Another contributor to reduced vaccination rates are reports that vaccinations cause more harm than good. Such reports are sustained in part by non-science-based social media claims. Even when original scientific reports are discredited, many parents continue to decide not to vaccinate their children.

How will these “anti-vaccination” parents/carers feel, sitting at the bedside of their critically ill child trying to make sense of the doctor’s explanation that even if their child pulls through, they will never be able to see again? Or explaining to their grown up child that he will never be able to father children due to an almost forgotten childhood disease? All because Mum and/or Dad paid more attention to a campaign on social media with no scientific basis, than to medical advice supported by decades of evidence? Yes, there are instances of people becoming ill with the diseases themselves, or suffering rare side effects of vaccination, but these are rare and pale in comparison to the morbidity and mortality prevented by vaccinations. After all, these same people do not stop driving their car to work when they hear that someone else had an accident doing so. The huge decline in epidemics of viral diseases following the introduction of vaccination programmes speaks to their effectiveness. The vaccine for measles was introduced in 1968 and is estimated to have prevented 20 million cases of measles and 4,500 deaths. In fact the vaccination programme was so successful that it led to the UK being declared ‘measles free’ in 2017.

 

 

 

 

 

 

 

Source – Public Health England; University of Oxford Vaccine Knowledge Project

Yet countries that we travel to on holiday still have measles outbreaks so it is still crucial to get children vaccinated. Even in the US and UK, the large increase in non-vaccinated children means that measles outbreaks (starting with people catching the disease abroad) are becoming more common – evidenced by the second graph above. An alarming statistic is that there are more cases of measles in 2018 than there were in 1998.

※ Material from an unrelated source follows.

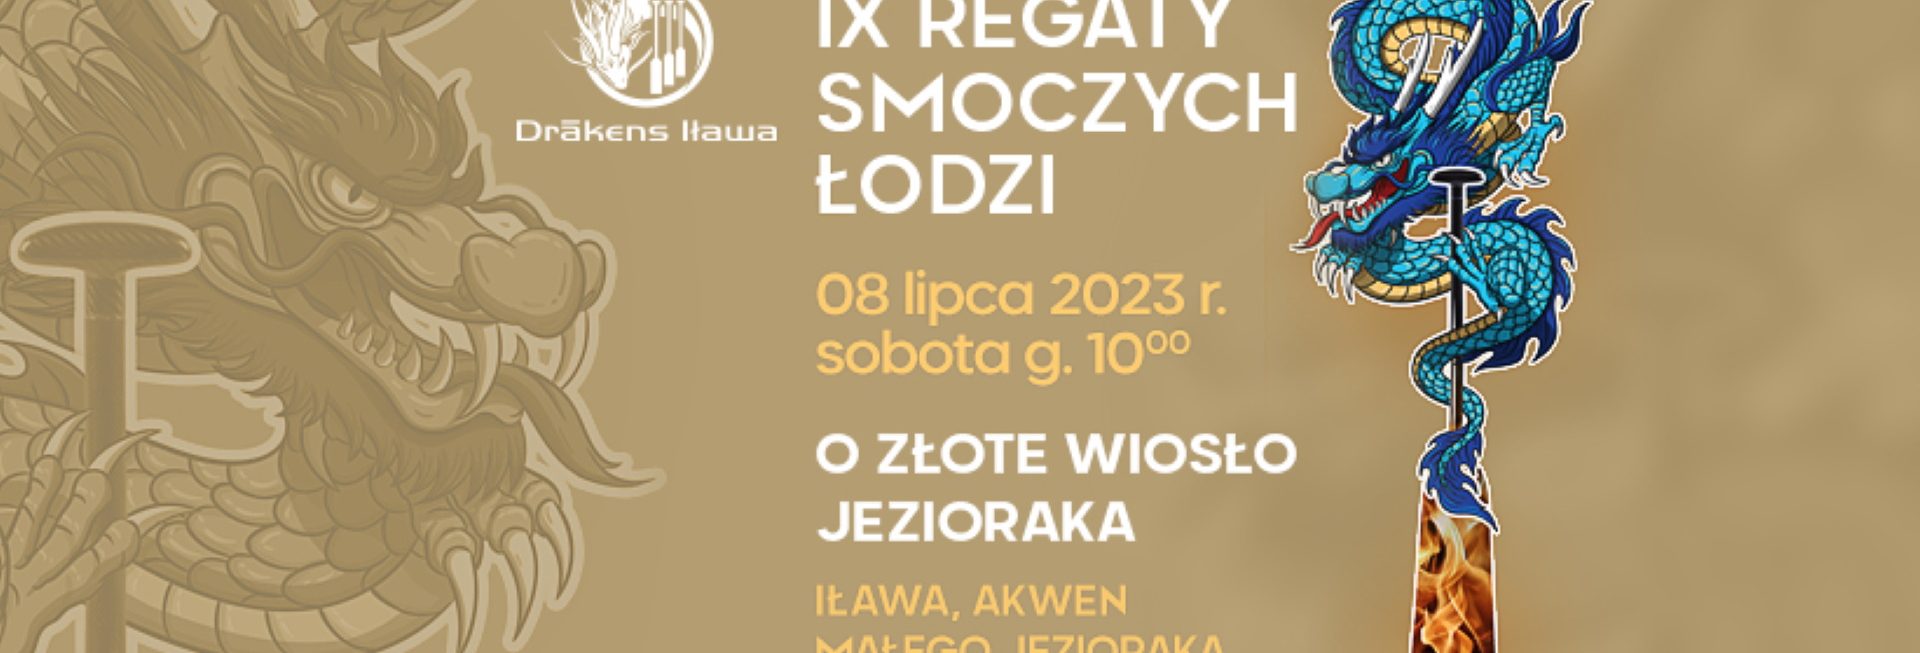 Plakat zapraszający do Iławy na 9. edycję Regat Łodzi Smoczych o Złote Wiosło Jezioraka Iława 2023. 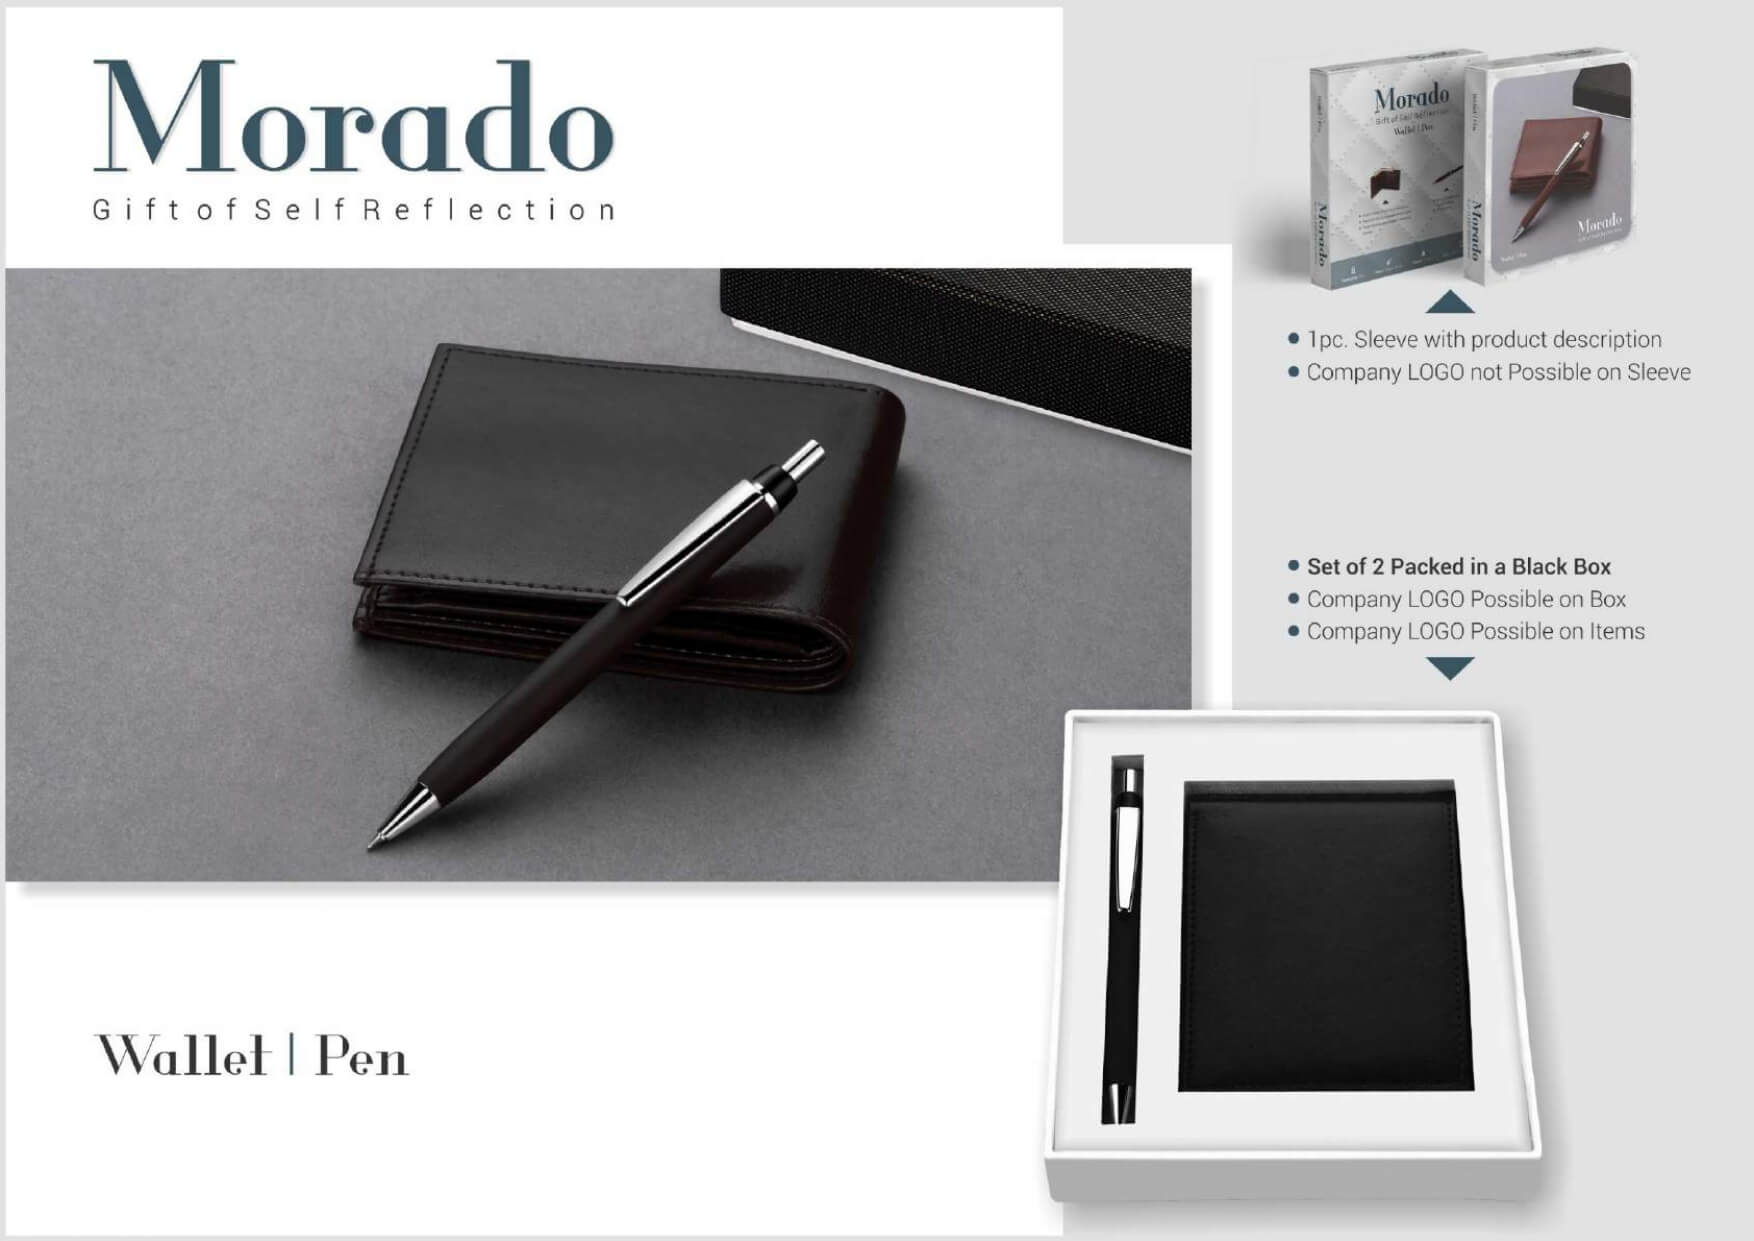 Wallet and Pen Set 2 in 1 Morado

Increased numbers of unvaccinated people pose a threat to society at large. Herd immunity can protect a small number of unvaccinated individuals. Indeed, some individuals cannot be effectively vaccinated, including very young infants or when there is a problem with their immune system. But when the number of unvaccinated people rises, these viruses can ‘find’ susceptible hosts and take root once again in the population. This puts our most vulnerable society members at risk. The decision to not immunize is not a victimless decision. We need to maintain vaccination programmes on a global scale, to maintain ‘herd immunity’ and halt the current increase in the numbers of cases occurring.

Bottom line – vaccination works and prevents needless suffering from preventable diseases.